For the baked version

  • ½ cup additional shredded mozzarella
  • ¼ cup grated Parmesan
  • 2 tablespoons breadcrumbs

Instructions
 

  • Prep your pasta: Bring a large pot of salted water to a boil. Cook pasta according to package directions until al dente. Reserve ½ cup of pasta water before draining.
  • Brown the sausage: While the pasta cooks, heat olive oil in a large skillet over medium-high heat. Add sliced sausage and cook until browned on both sides, about 5-7 minutes.
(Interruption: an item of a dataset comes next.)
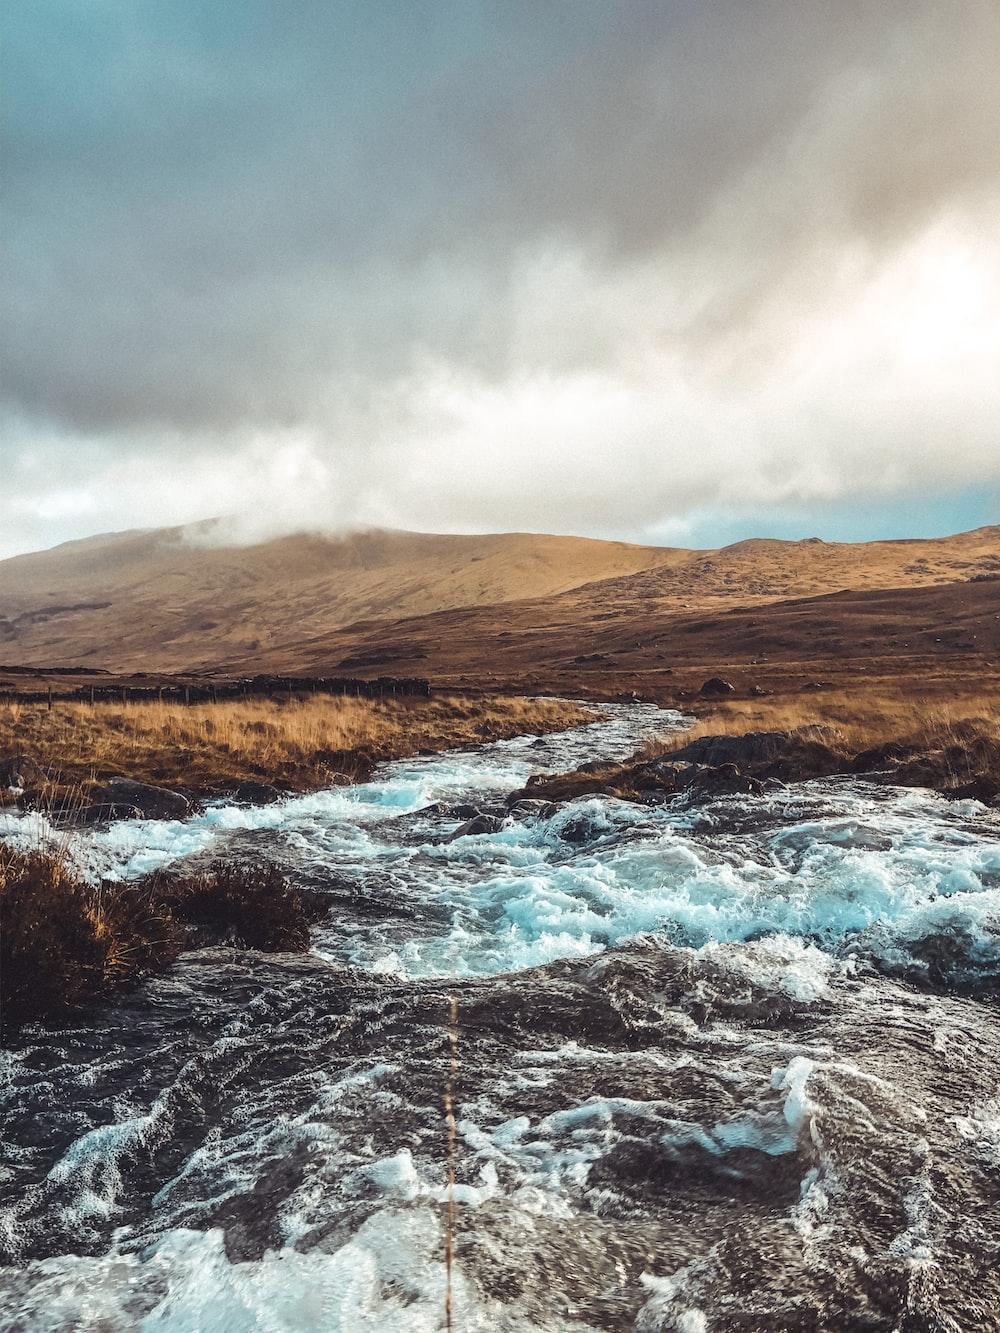 water hitting rocks

If using raw Italian sausage, remove from casings first and break into chunks while browning.
  • Add aromatics: Reduce heat to medium and add diced onion to the skillet with the sausage. Cook until onion becomes translucent, about 3-4 minutes. Add minced garlic and red pepper flakes, and cook for another 30 seconds until fragrant.
  • Make the sauce: Add butter to the skillet and let it melt. Pour in the heavy cream, stirring constantly, and bring to a gentle simmer. Let it cook for 3-4 minutes until it starts to thicken slightly.
  • Add the cheese: Reduce heat to low and gradually stir in the Parmesan cheese until melted and smooth. Add the mozzarella and stir until incorporated. Season with black pepper and salt to taste.
  • Combine elements: Add the drained pasta to the sauce, tossing to coat evenly. If the sauce is too thick, add a splash of the reserved pasta water. If adding optional vegetables like spinach or cherry tomatoes, toss them in now and let cook for 1-2 minutes until just wilted or warmed through.
  • Finish and serve: Garnish with chopped parsley and serve immediately for a stovetop version.

Notes

  • Don't overcook the pasta since it will continue cooking slightly in the hot sauce. Aim for al dente or even 1 minute under what the package suggests.
  • For a lighter version, substitute half-and-half for some or all of the heavy cream.
  • The sauce will thicken as it sits, so don't worry if it seems a bit loose at first.
  • Freshly grated cheese makes a huge difference in the texture of the sauce. Pre-grated cheese often contains anti-caking agents that can make your sauce grainy.
  • If the sauce breaks or seems too thick, a splash of pasta water can bring it back to life.
  • For meal prep, slightly undercook the pasta as it will soften when reheated.
  • The baked version makes for excellent leftovers and freezes beautifully in individual portions.